La famiglia è il luogo santo dove accadono i miracoli. Lo dico  nel senso profano del termine. Santo sta per privilegiato, specifico e benedetto. Il fatto è che famiglie non si nasce ma ci si costruisce. Le famiglie si scelgono, non  ce le troviamo impacchettate e scontate. Ma si scelgono nel cuore. Possono funzionare sono se stanno nel cuore.

Tutto il resto che sta fuori  di questo nodo assoluto è il puttanaio  che circonda ordinariamente  tutto e tutti.

Quando  sento parlare le persone  in genere   mi  sorprendo  sempre  della nostra  ripetuta   cecità. Alla mancanza di intelligenza  non ci si può fare (fortunatamente) l’abitudine.

Accade  infatti   che in genere ci si ferma  all’apparenza delle cose, e non ci si muove verso la visione della sostanza.

Prendiamo per esempio il nostro capoufficio ed i colleghi di lavoro, o il nostro dirigente ed i colleghi di lavoro, o i nostri parenti  con relativi affini, o i nostri amici  di  passaggio  e relativi  contingenti.
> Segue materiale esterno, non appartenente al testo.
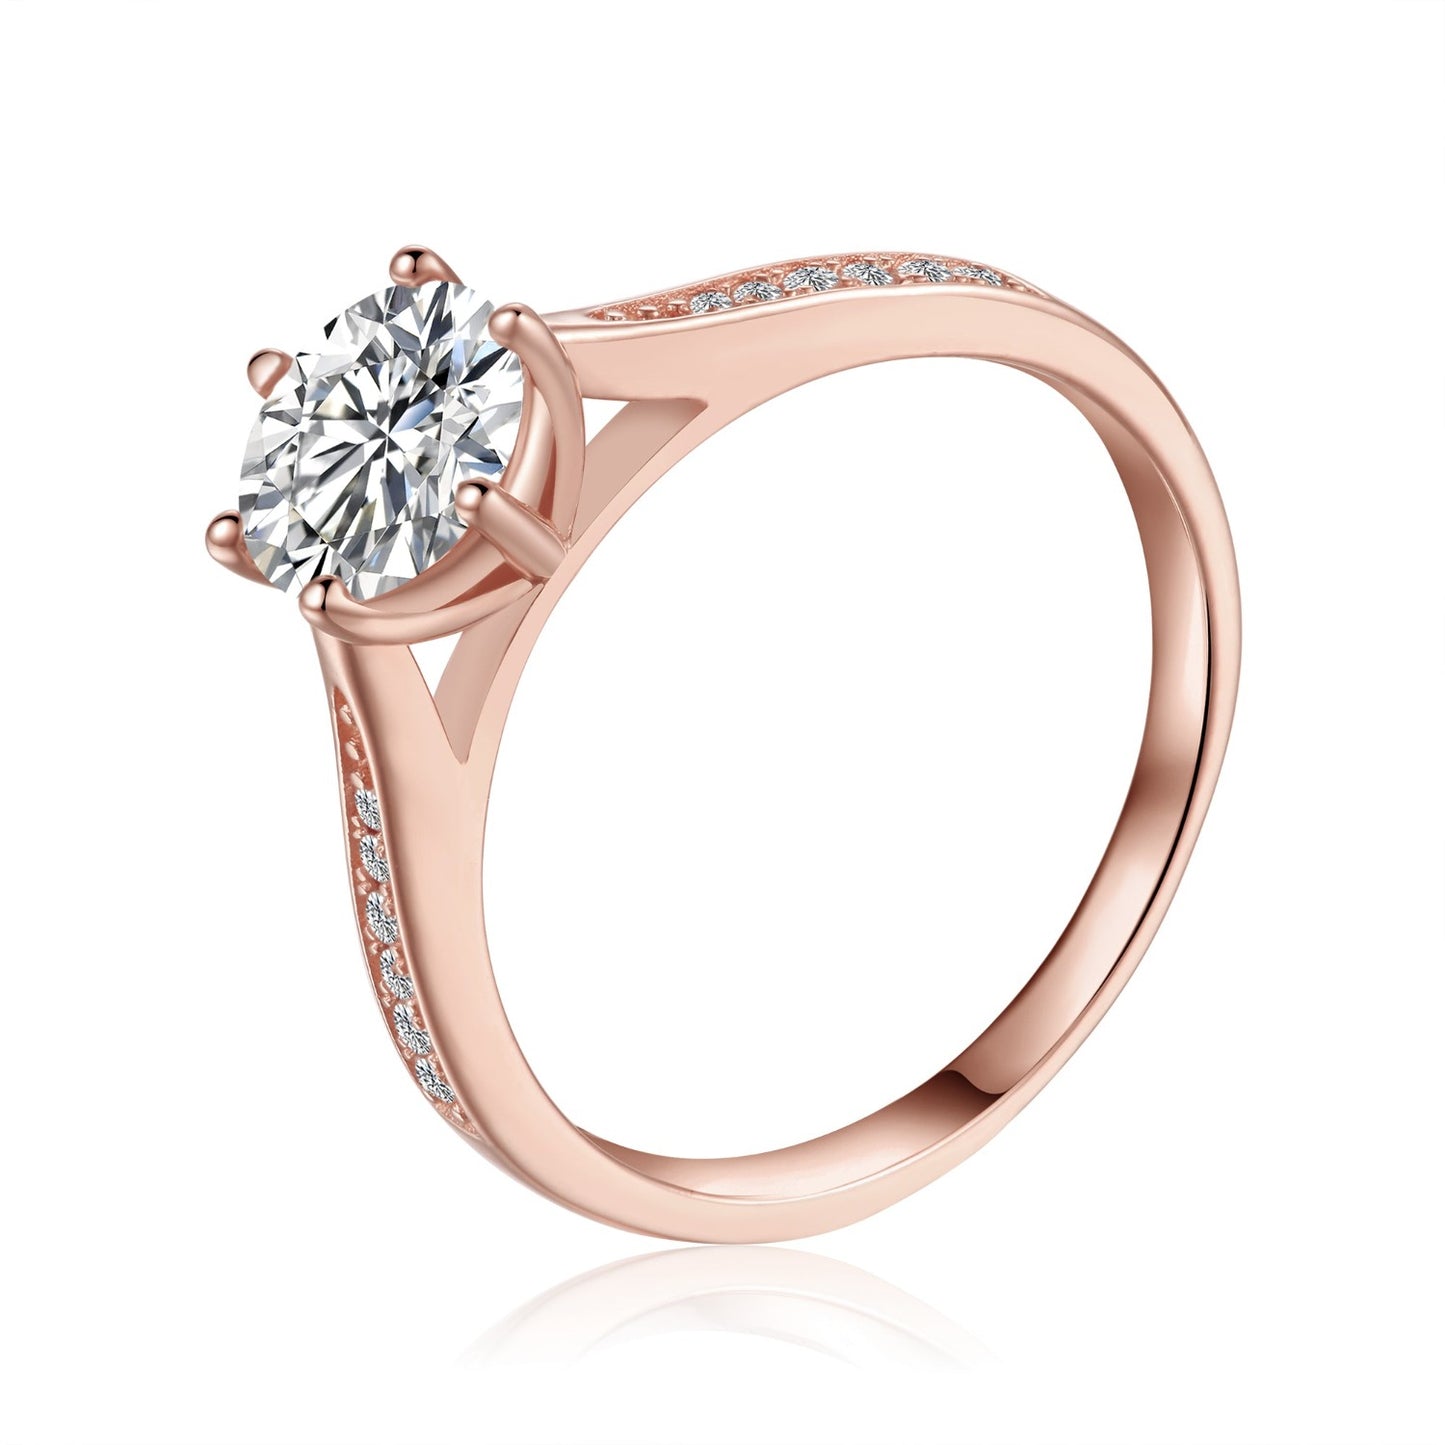 Tapered Pave 1.00ct Moissanite Engagement Ring Set in 9ct Rose Gold
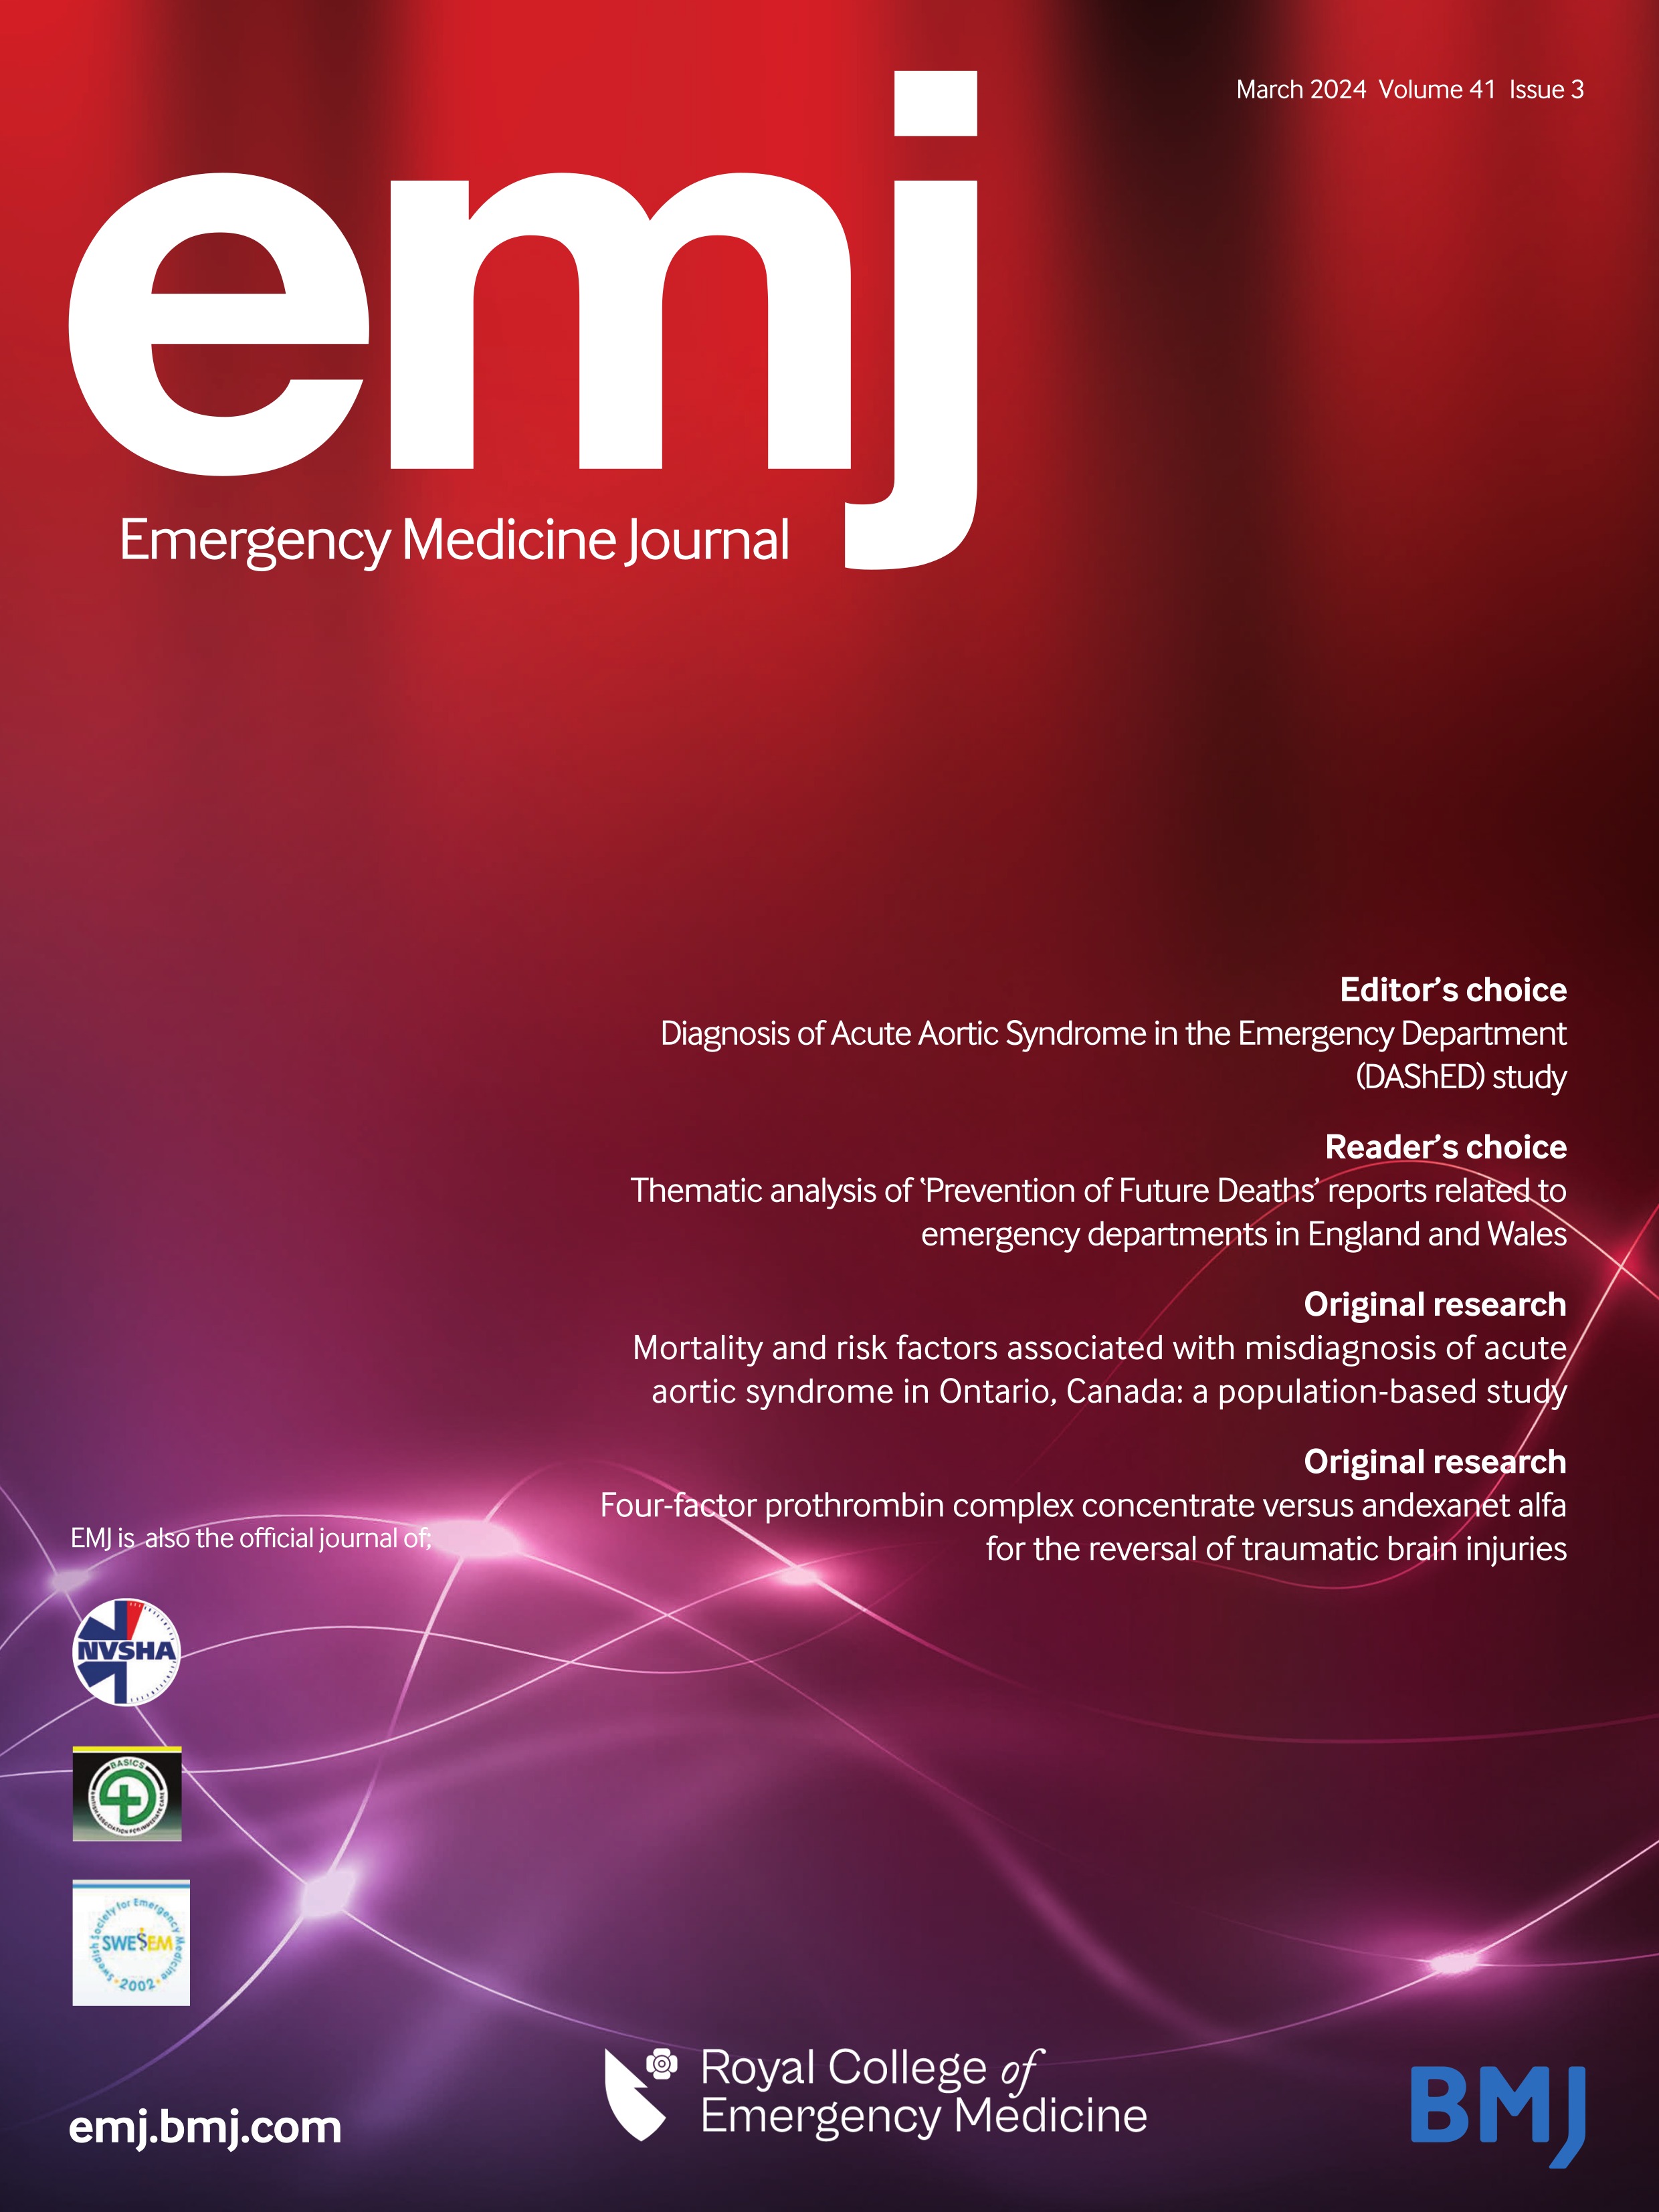 Comparison of diuretics and fluid expansion in the initial treatment of patients with normotensive acute pulmonary embolism: a systematic review and meta-analysis

Sono tutti stati d’umanità quotidiani  dove sovrasta per lo più la legge  del tornaconto personale.

Alzi la mano  chi  cerca d’ impostare la propria giornata lavorativa o la propria giornata  familiare o la propria giornata  festiva e di divertimento secondo le banali   leggi   della spontaneità, dell’impegno e della  condivisione.

Immagino già le risposte di molti:  “Io considero solo i miei familiari, tutti gli altri sono estranei” oppure “Quello che gli altri fanno a me non vedo perché io non dovrei   fare loro” oppure “Ciò che conta è essere furbi  più degli altri perché così nessuno ti fotte” oppure “Perché dovrei impegnarmi  quando nessuno ha mai fatto nulla per me?” e così di seguito su questo passo…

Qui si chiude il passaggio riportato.